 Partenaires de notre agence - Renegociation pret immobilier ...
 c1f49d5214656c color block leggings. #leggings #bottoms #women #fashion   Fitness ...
---
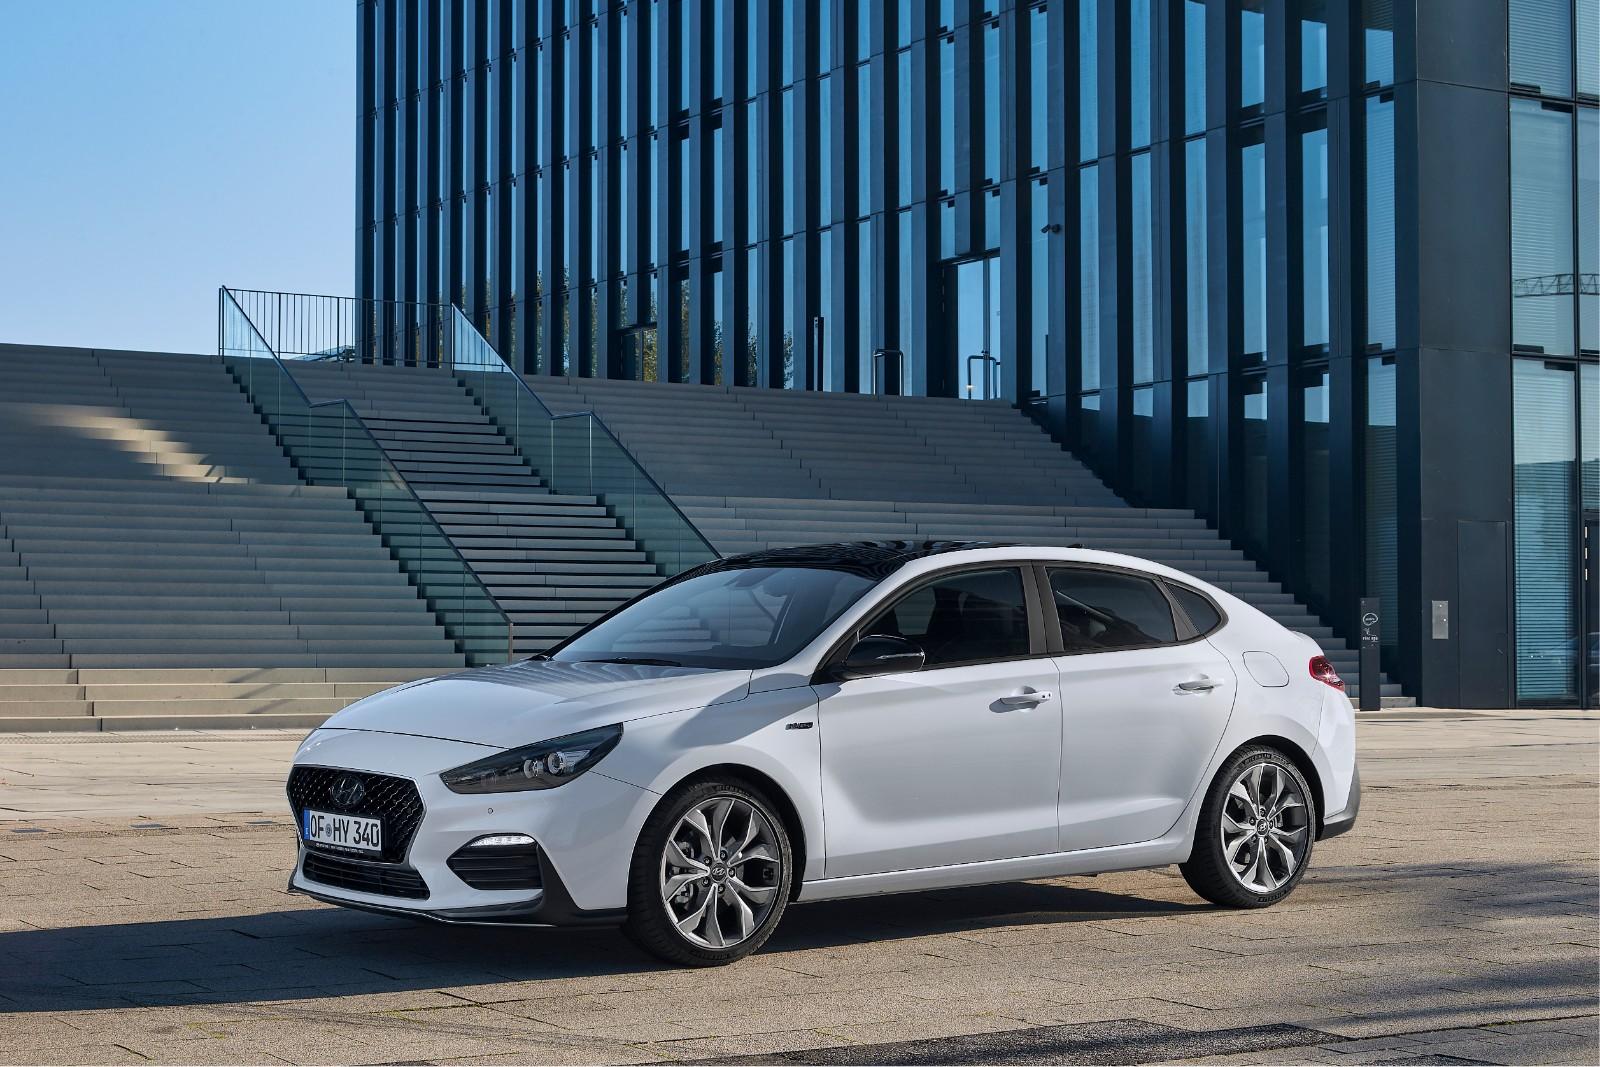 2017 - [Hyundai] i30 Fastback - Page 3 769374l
--
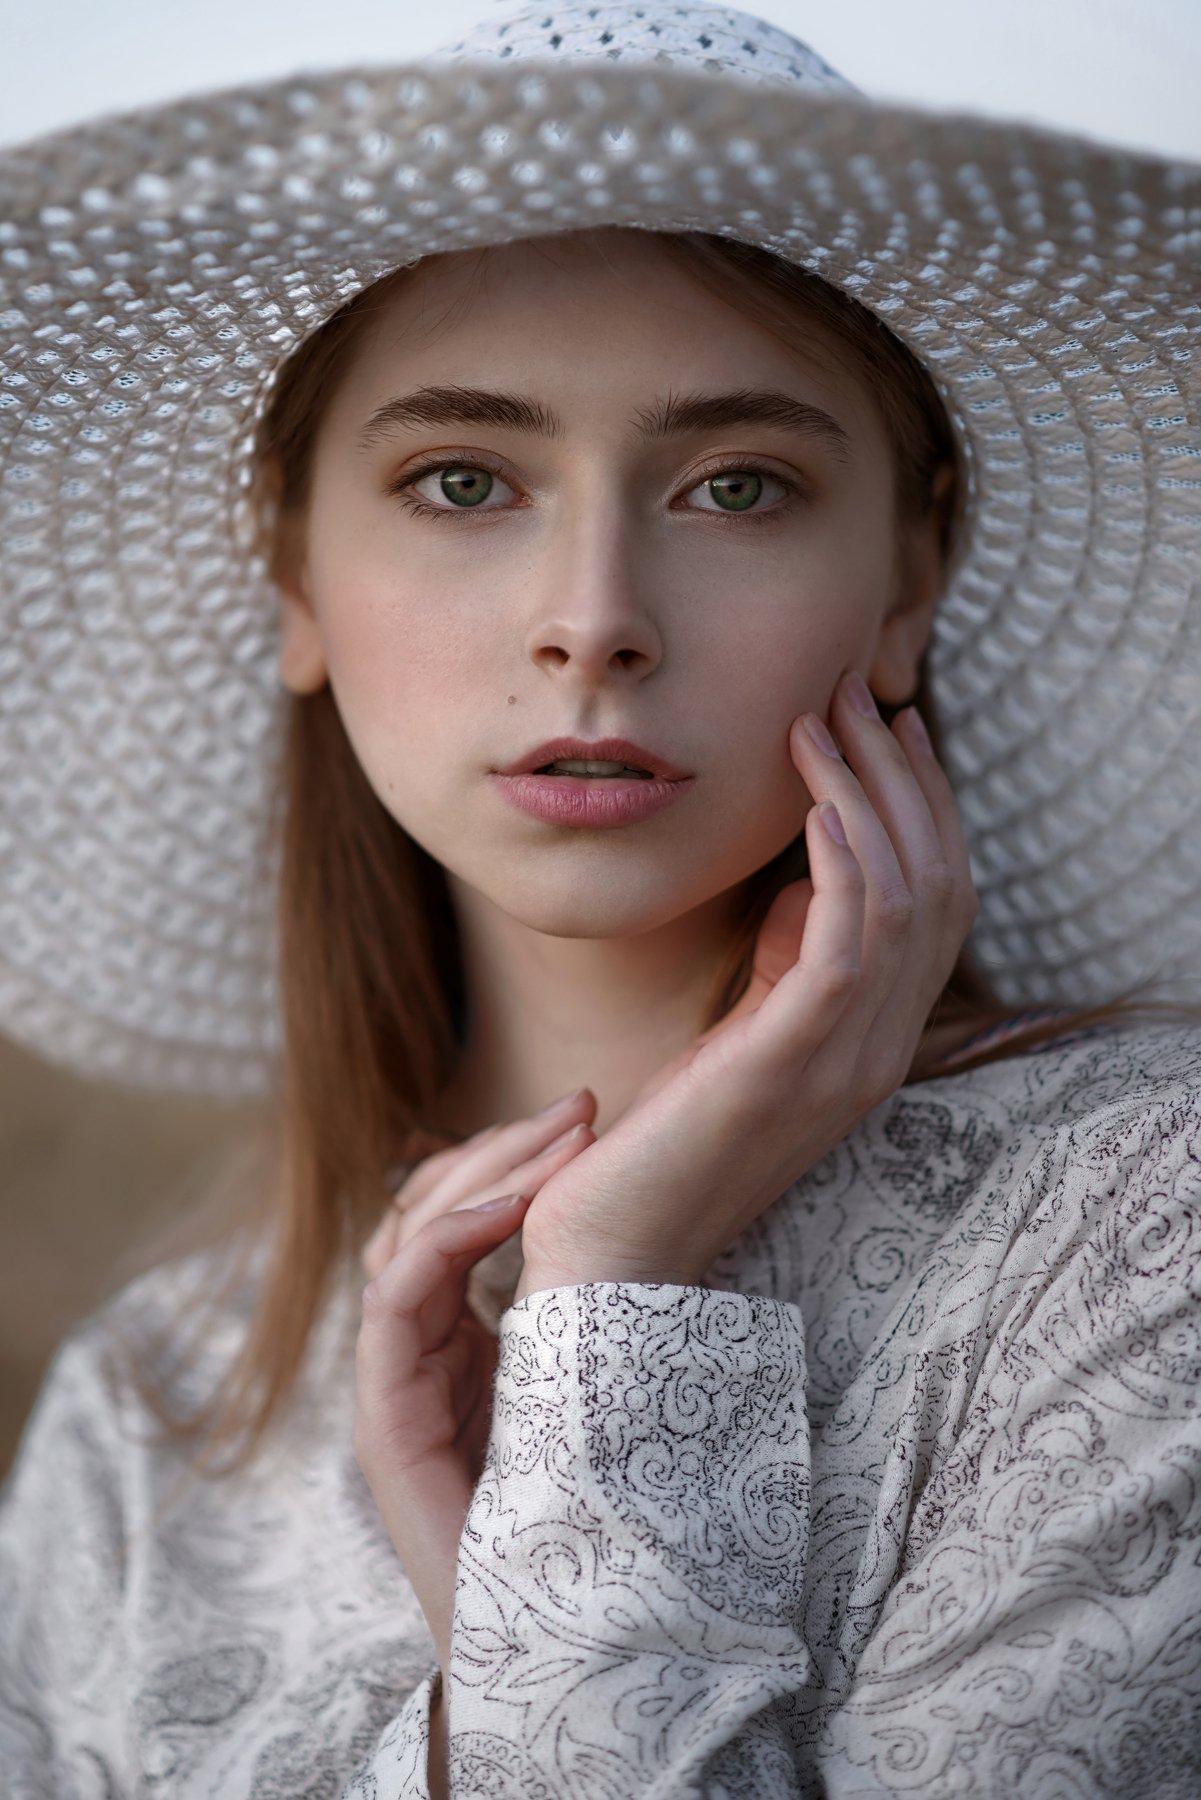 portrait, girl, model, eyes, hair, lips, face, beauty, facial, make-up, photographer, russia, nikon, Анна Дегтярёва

§ **TASK DIRECTIONS**:
Print exactly the lines above, between the one holding "Partenaires de notre" and the one holding "c1f49d5214656c color block", inclusive, and nothing besides.

§ **OUTPUT OF THE TASK**:
 Partenaires de notre agence - Renegociation pret immobilier ...
 c1f49d5214656c color block leggings. #leggings #bottoms #women #fashion   Fitness ...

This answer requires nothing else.